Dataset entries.
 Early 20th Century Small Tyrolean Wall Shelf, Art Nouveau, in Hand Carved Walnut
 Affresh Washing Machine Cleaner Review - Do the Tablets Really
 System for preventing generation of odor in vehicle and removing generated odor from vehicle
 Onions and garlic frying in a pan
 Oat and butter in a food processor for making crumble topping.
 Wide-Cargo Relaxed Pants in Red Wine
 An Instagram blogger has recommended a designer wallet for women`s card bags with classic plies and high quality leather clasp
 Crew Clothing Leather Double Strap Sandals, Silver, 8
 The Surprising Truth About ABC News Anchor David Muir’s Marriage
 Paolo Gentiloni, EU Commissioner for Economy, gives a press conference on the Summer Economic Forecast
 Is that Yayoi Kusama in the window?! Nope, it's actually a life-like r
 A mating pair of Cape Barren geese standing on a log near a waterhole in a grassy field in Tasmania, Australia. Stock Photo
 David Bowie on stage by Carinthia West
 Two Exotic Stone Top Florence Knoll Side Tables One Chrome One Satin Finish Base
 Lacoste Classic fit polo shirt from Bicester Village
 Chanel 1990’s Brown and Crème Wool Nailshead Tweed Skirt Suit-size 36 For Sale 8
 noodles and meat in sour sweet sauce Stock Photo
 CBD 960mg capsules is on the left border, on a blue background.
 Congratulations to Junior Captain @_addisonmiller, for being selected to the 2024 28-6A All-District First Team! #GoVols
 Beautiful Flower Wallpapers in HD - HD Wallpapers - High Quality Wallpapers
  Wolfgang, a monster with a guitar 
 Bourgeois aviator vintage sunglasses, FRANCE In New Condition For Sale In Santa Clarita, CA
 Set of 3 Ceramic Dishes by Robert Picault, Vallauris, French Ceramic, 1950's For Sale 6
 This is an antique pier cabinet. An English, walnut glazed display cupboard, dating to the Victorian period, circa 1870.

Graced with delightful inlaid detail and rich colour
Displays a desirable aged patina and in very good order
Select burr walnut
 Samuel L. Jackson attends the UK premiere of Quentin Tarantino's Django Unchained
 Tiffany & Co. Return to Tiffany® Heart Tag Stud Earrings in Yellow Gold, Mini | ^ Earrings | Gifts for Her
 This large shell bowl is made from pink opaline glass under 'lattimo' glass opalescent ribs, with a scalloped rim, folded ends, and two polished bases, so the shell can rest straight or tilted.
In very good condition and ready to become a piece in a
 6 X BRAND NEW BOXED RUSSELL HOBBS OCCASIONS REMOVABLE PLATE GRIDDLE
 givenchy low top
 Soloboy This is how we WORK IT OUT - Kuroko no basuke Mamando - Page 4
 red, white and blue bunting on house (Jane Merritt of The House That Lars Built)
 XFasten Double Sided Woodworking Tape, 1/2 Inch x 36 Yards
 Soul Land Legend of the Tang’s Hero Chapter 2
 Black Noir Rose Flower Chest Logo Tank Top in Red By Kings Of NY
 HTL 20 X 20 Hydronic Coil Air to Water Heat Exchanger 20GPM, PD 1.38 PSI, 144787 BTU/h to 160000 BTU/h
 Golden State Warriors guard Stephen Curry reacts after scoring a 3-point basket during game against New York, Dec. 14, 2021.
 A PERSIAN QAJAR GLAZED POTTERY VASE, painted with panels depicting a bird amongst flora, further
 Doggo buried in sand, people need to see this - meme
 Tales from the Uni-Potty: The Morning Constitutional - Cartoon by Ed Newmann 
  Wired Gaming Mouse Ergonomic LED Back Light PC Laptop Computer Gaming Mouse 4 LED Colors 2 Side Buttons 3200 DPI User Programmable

Assigned task. Pull out every line of the entries that includes the word "Flower".

Response.
 Beautiful Flower Wallpapers in HD - HD Wallpapers - High Quality Wallpapers
 Black Noir Rose Flower Chest Logo Tank Top in Red By Kings Of NY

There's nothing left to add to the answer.